Exercise goal → The data that follows is to be copied exactly, with each image removed.

Given data →
^^^^

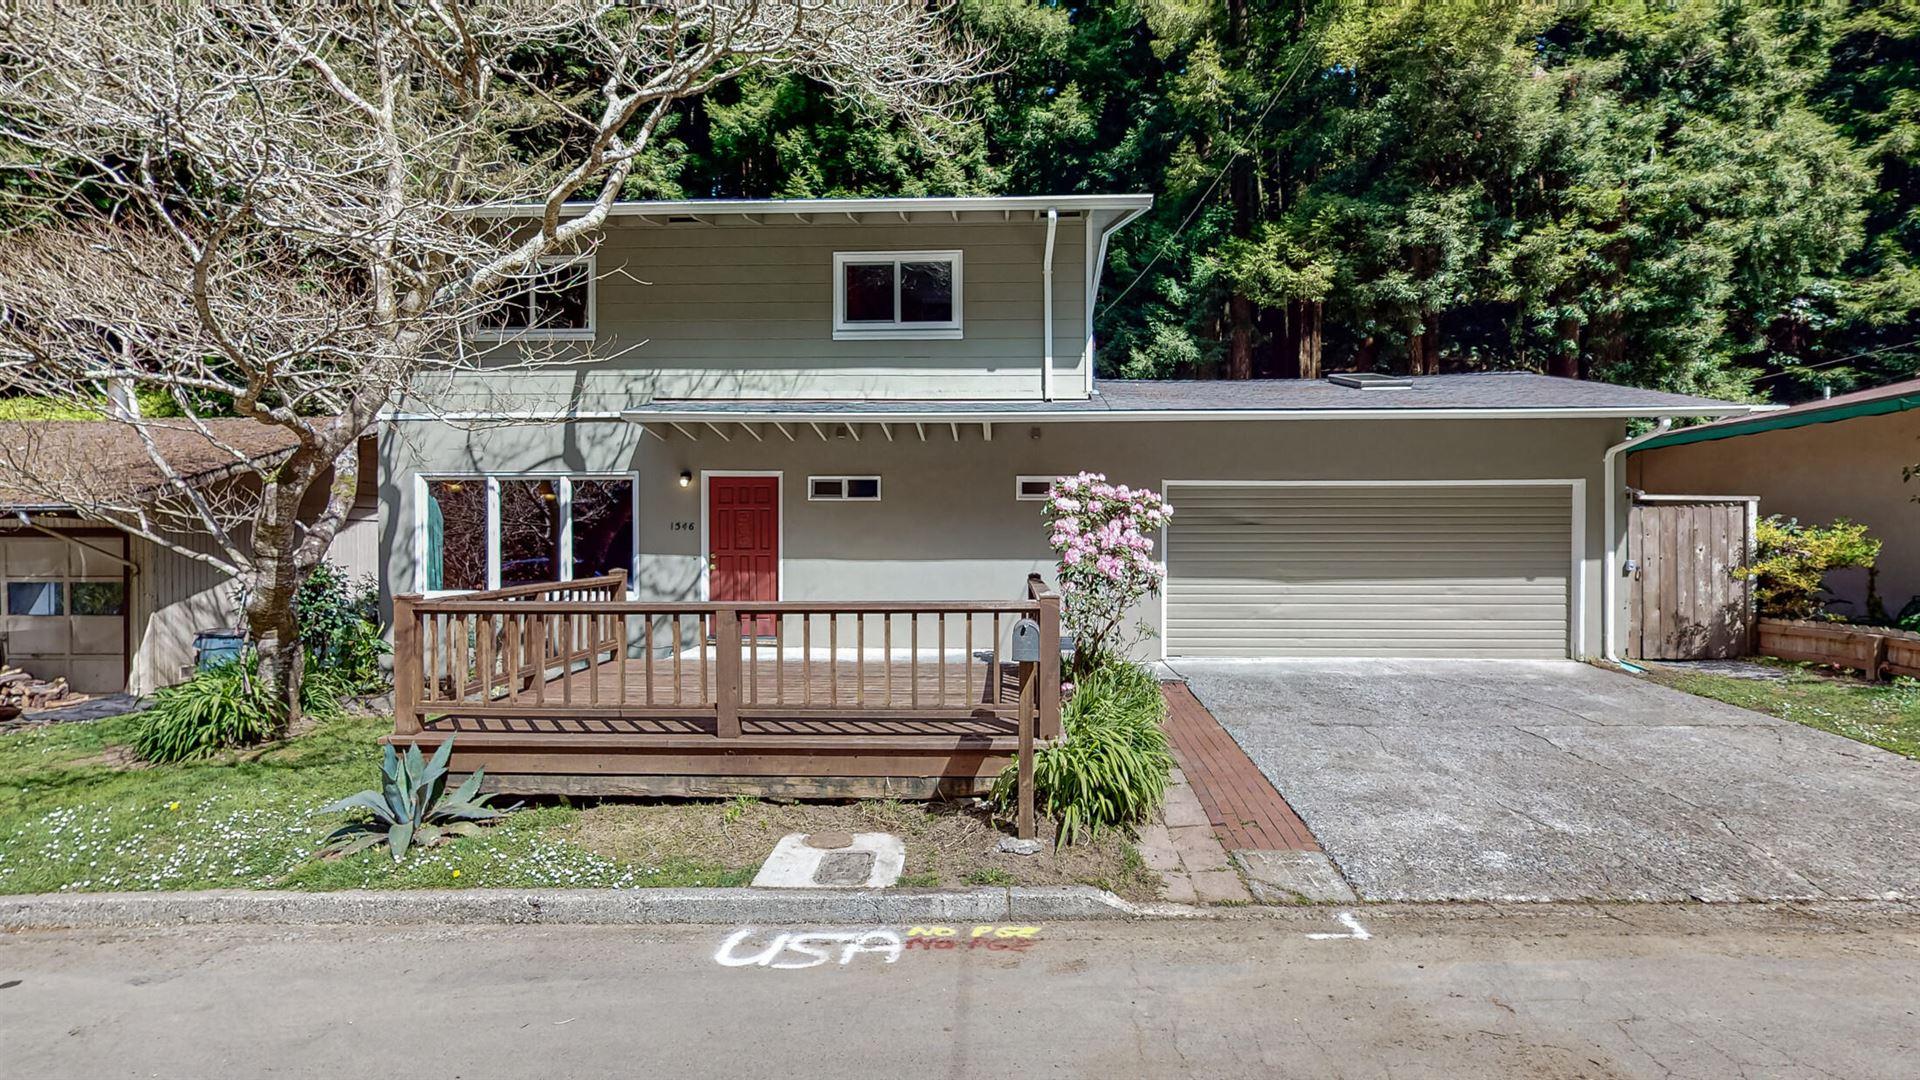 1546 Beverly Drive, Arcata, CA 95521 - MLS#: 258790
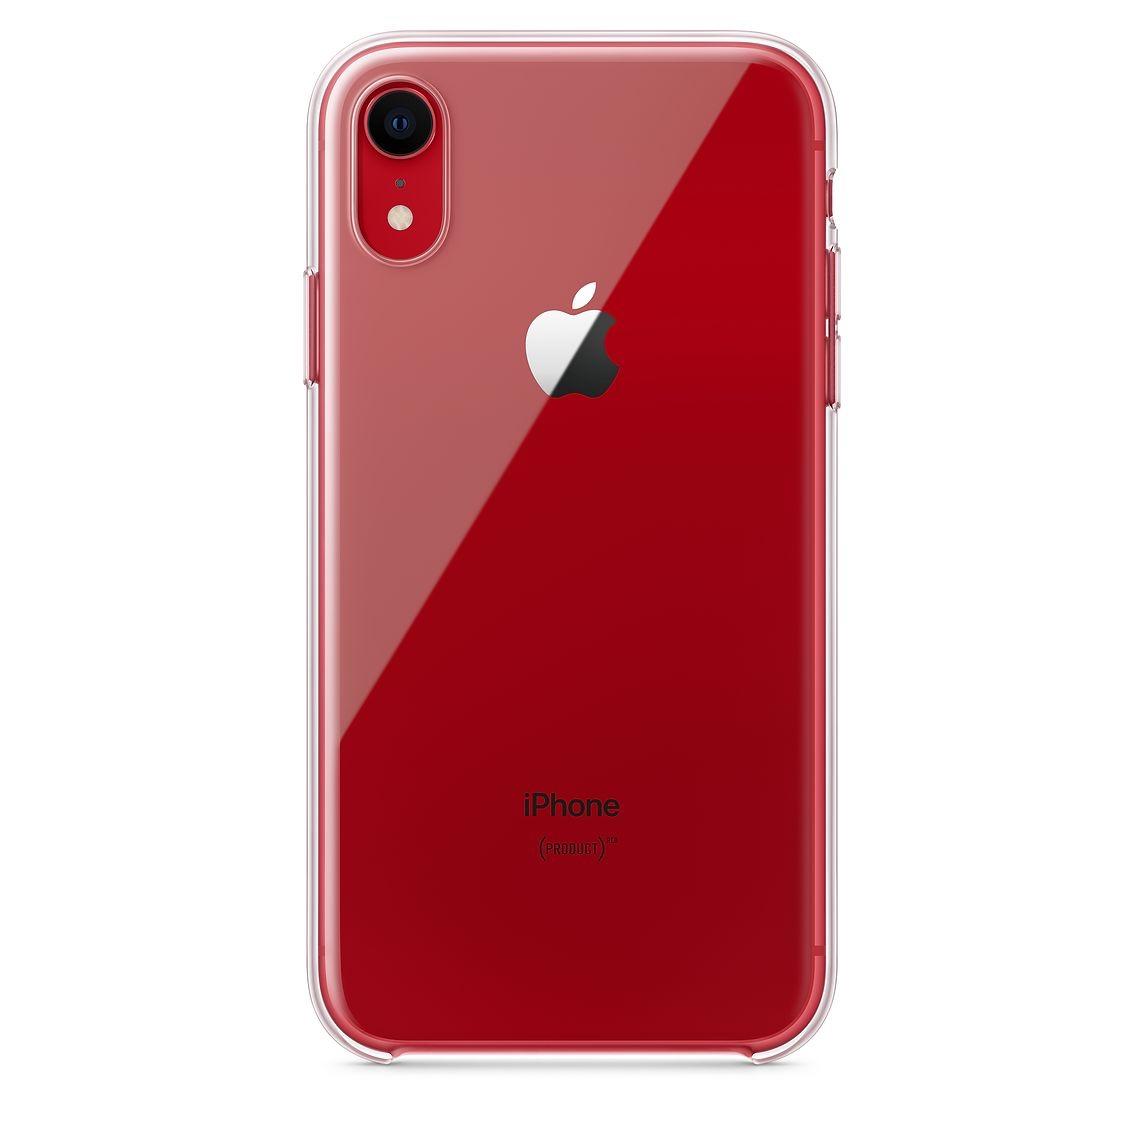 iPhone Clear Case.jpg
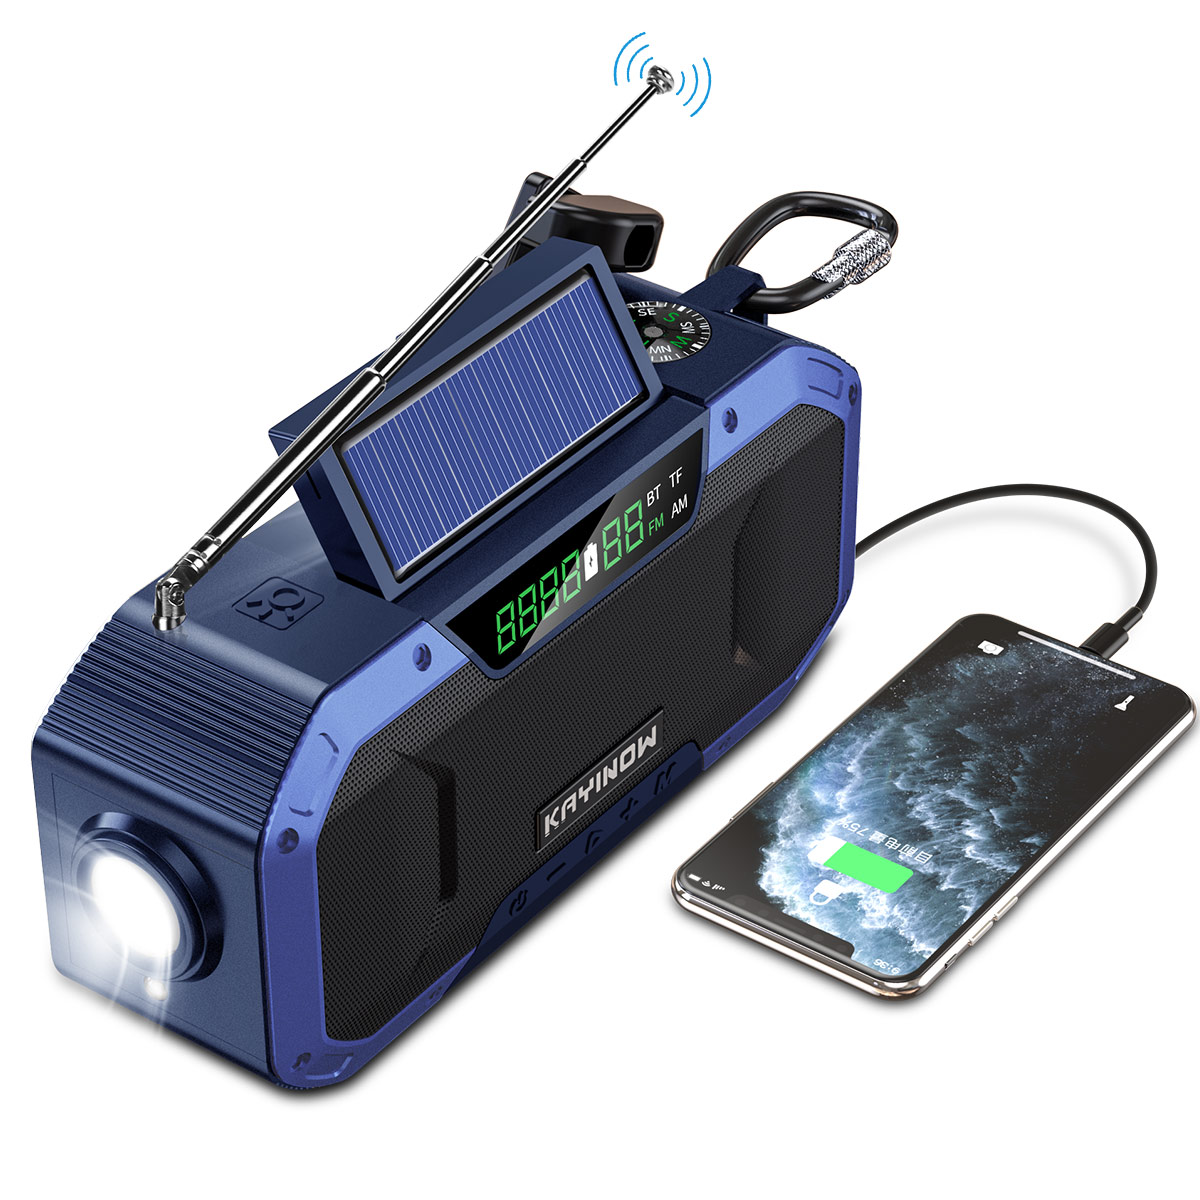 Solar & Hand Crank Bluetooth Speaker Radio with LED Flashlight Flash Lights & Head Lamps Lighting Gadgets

^^^^

Task solution →
 1546 Beverly Drive, Arcata, CA 95521 - MLS#: 258790
 iPhone Clear Case.jpg
 Solar & Hand Crank Bluetooth Speaker Radio with LED Flashlight Flash Lights & Head Lamps Lighting Gadgets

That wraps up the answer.